Tags: #History, #General, #Social History, #World

Warrior Queens: Boadicea's Chariot (14 page)

The Roman veterans, happily enjoying their generous grants of land, including those tracts to which they had helped themselves, must have ignored other signs, which should have been more telling to them than the blood-red sea and the outlandish cries in the theatre. Tacitus mentions the fifth column within the city who made sure that it was not defended properly; but this fifth column
(occulti rebellionis conscii
, literally ‘secret conspirators in the rebellion’ ) must have consisted of native Trinovantes, whose loyalties, given that they were first dispossessed, then ill-treated, should never have been taken for granted.

To explain the Roman negligence, Donald R. Dudley and Graham Webster, authors of the authoritative study
The Rebellion of Boudicca
, called attention to ‘that overconfidence that often besets colonial powers’. Writing in 1962, they pointed out that the British had shown an equally negligent attitude towards the Mau Mau tribal insurrection in its first stages, for which oversight an official report had recently criticized the government of Kenya.
32
The comparison is certainly a valid one, not only for the tribal–nationalist character of both uprisings. The Roman settlers of Camulodunum, confronted by a series of atrocities apparently totally unheralded, must have experienced something like the same appalled bewilderment as the British settlers of Kenya some nineteen hundred years later.

The plain fact was that the Romans simply could not conceive that the Britons could do this to them: rise up, sack a city and massacre its inhabitants. History after all provides plenty of examples of this kind of tragic error. It is a common mistake on the part of the conquering power to consider a rebellion of the conquered to be impossible, because they find it unbelievable.
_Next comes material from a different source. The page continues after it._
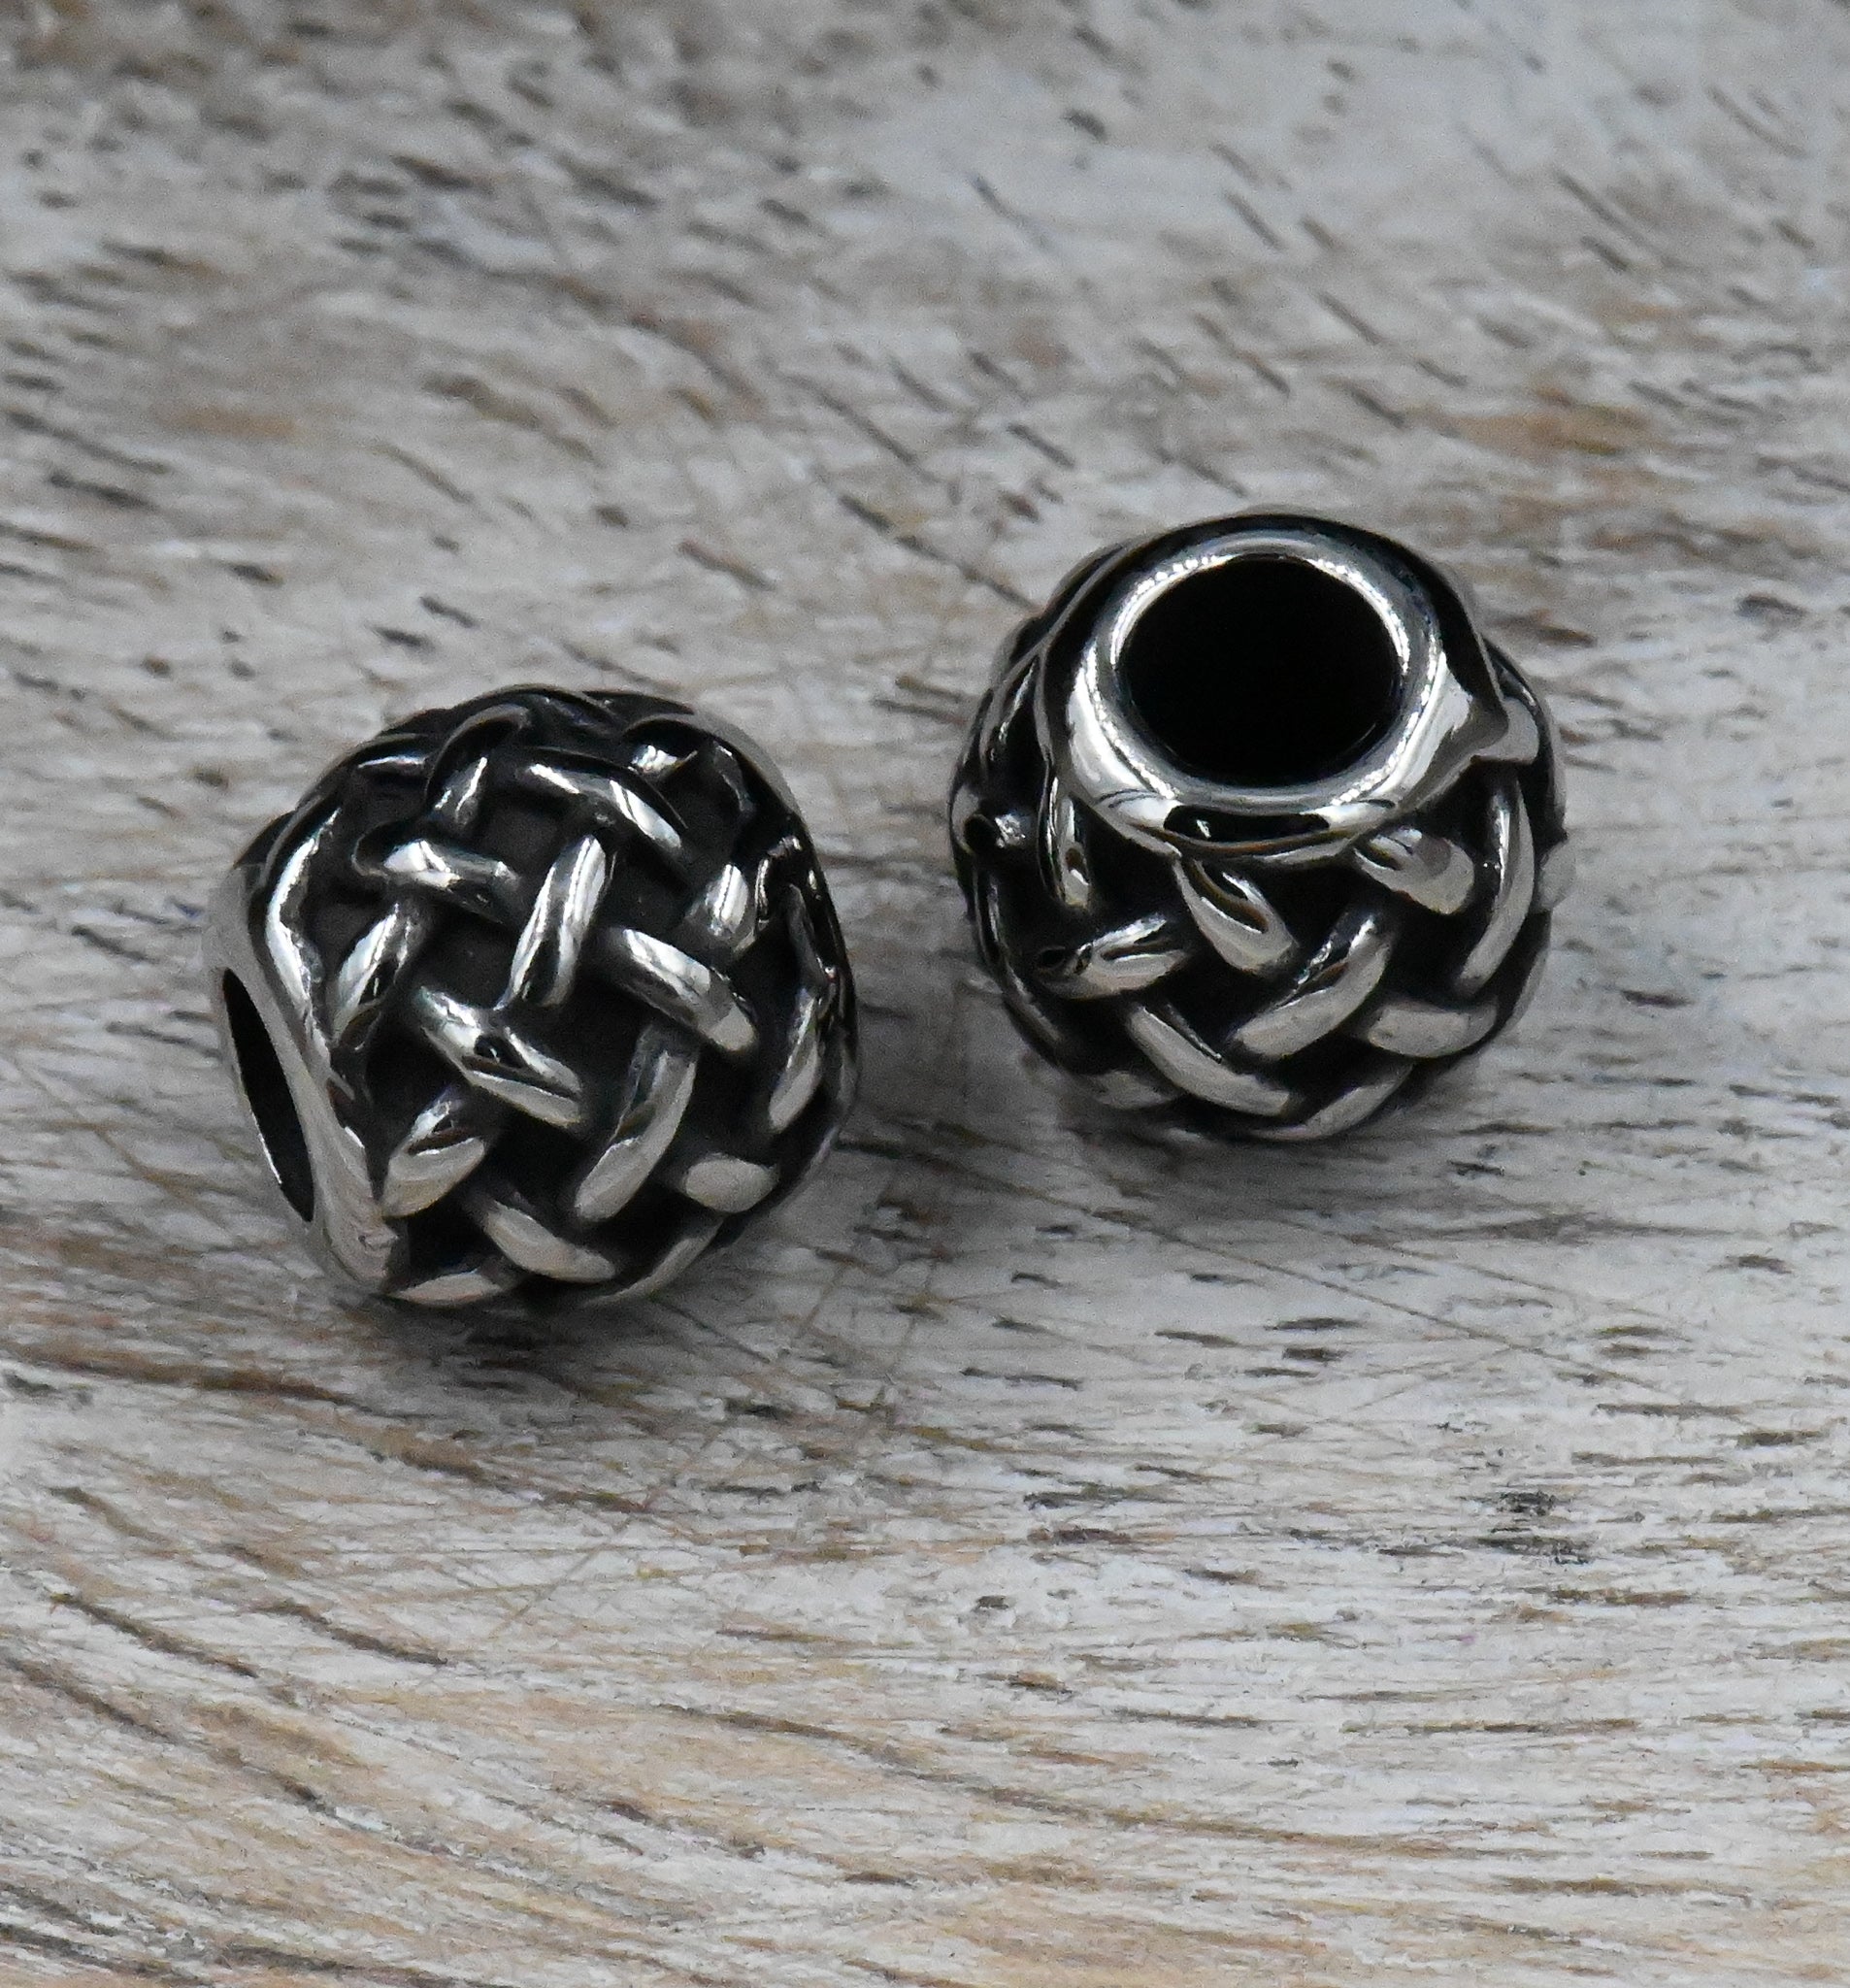 Stainless Steel Beads, 1pc, Weave Pattern Large Hole Beads, Column, 10mm Antique Silver

The Romans of Camulodunum merely joined in this error and suffered for it.

Nor was disbelief confined to Camulodunum itself. Once the situation was accepted within the
colonia
for what it was – serious but not yet desperate – there was still time for the veteran settlers to send for reinforcements from London to the few men still under arms at Camulodunum. Here, however, the Procurator Catus Decianus, showing himself to be complacent as well as rapacious, thought it sufficient to despatch a mere two hundred men (who would perish with their former comrades). Around the wall-less town itself not even a rampart or a palisade was erected, for which there must have been time if reinforcements could still be summoned from afar.
33
Most tragic of all, the women, the children and the old people were not sent away.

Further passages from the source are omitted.